Kann eine Inventarnummer nach Entsorgung eines Assets wiederverwendet werden? Nein. Die Nummer mit dem Asset ausmustern. Die an LT-0042 hängende Historie - Anschaffungen, Reparaturen, Verwahrungskette und Entsorgung - sollte immer nur eine Maschine beschreiben. Wiederverwendung von Nummern verdirbt Audit-Trails, verwirrt Garantie- und Versicherungsunterlagen und setzt irgendwann zwei Gegenstände in die Vergangenheit eines Datensatzes. Fortlaufende Schemata machen das einfach, da die nächste Nummer immer frei ist.

Wo finde ich die Inventarnummer an einem Gerät? An zwei Stellen. Physisch steht sie auf dem Inventaretikett am Gegenstand - oft an der Unterseite eines Laptops, der Rückseite eines Monitors oder auf einem Schild an Maschinen. Digital lebt sie im Asset-Datensatz Ihres Registers. Mit QR-Etiketten öffnet das Scannen des aufgedruckten Codes mit der Handykamera den passenden Datensatz im Browser, sodass die Nummer zum vollständigen Profil führt.

Wer vergibt Inventarnummern? Ihre Organisation, nicht der Hersteller. Der Hersteller vergibt die Seriennummer; die Inventarnummer vergeben Sie, idealerweise wenn das Asset angenommen oder aktiviert wird, bevor es in Betrieb geht. Wer Asset-Datensätze anlegt, folgt Ihrem veröffentlichten Nummernstandard, damit jeder neue Gegenstand von Tag eins an einheitlich nummeriert ist.

Ist eine Inventarnummer dasselbe wie ein Inventaretikett? Sie hängen zusammen, sind aber nicht identisch. Die Inventarnummer ist die Kennung - der Wert selbst. Das Inventaretikett ist das physische Etikett oder der Aufkleber, der diese Nummer auf den Gegenstand bringt. Im Alltag werden die Begriffe Inventarnummer, Asset-Nummer und Asset-ID oft gleichbedeutend verwendet, weshalb Menschen nach allen suchen.

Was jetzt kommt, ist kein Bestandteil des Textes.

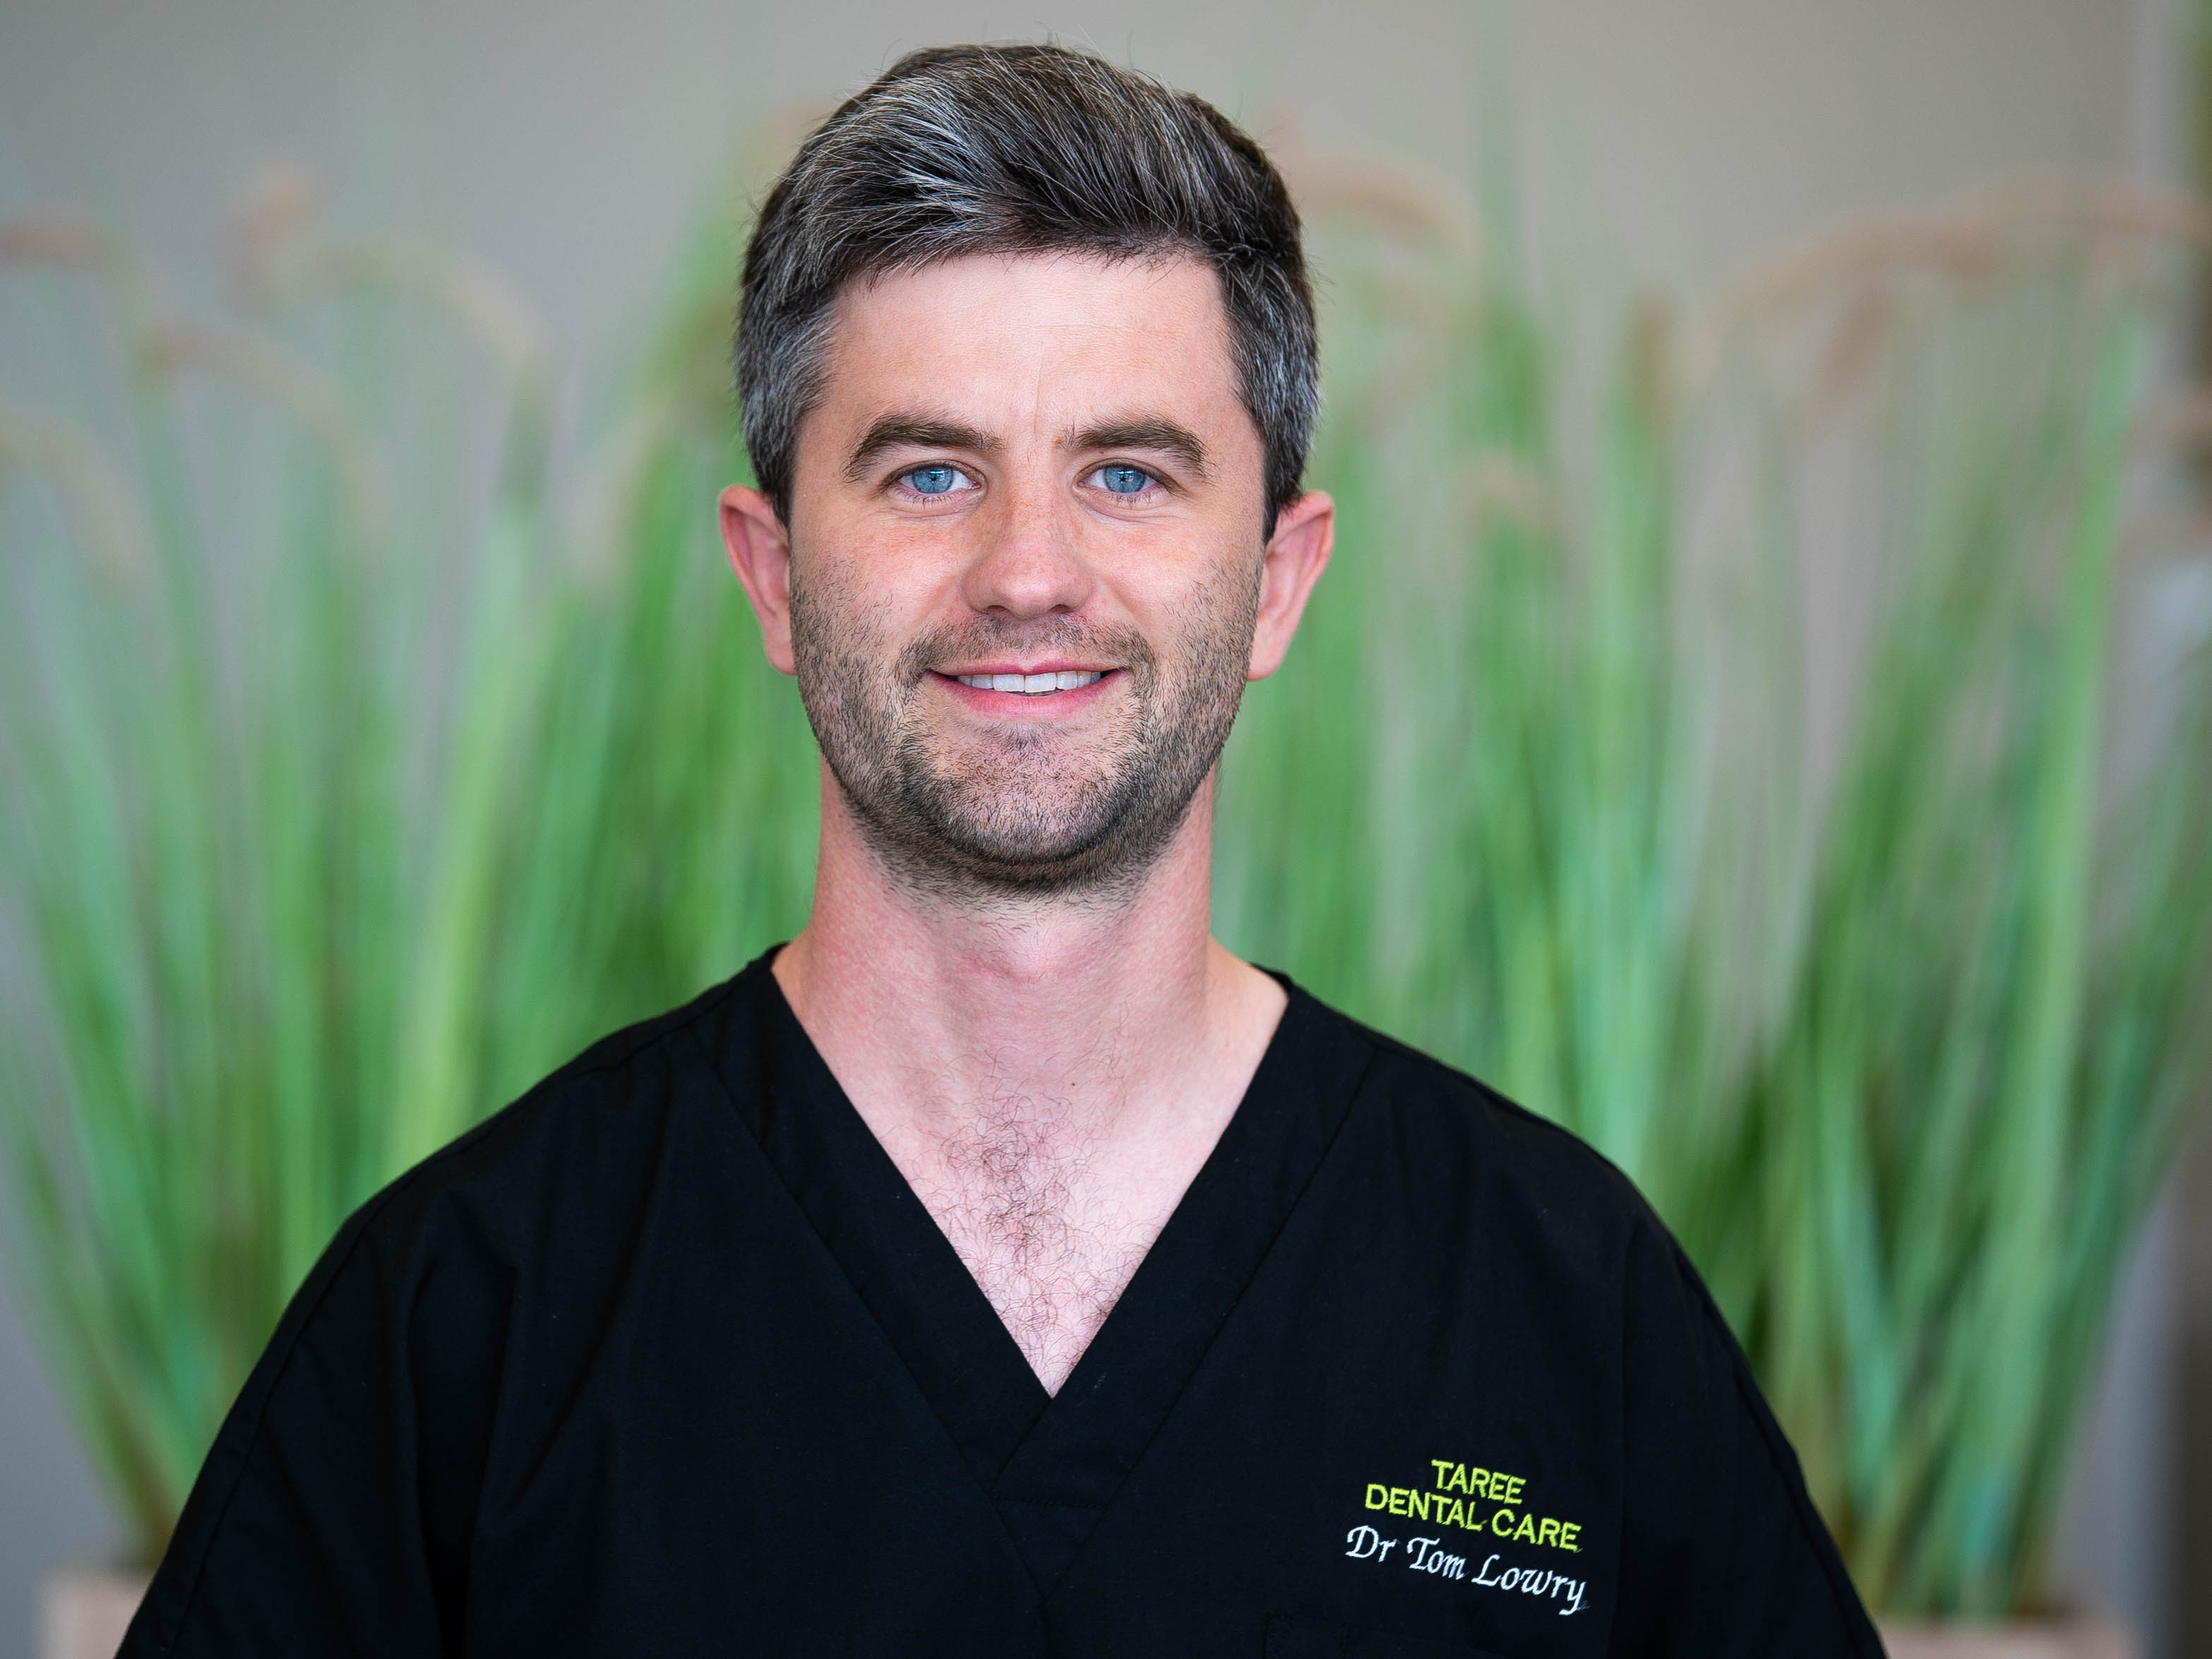 Dr Tom Lowry

Sollten Inventarnummern fortlaufend sein oder eine codierte Bedeutung tragen? Fortlaufend, mit höchstens einem leichten Kategorie-Präfix, ist die sichere Vorgabe. Intelligente Schemata, die Standort, Gebäude oder Abteilung in die Ziffern codieren, sind auf einen Blick lesbar, veralten aber, sobald ein Asset umzieht. Veränderliche Fakten gehören in den Asset-Datensatz; die Nummer sollte nur „genau dieser Gegenstand” bedeuten - dann muss nie umnummeriert werden.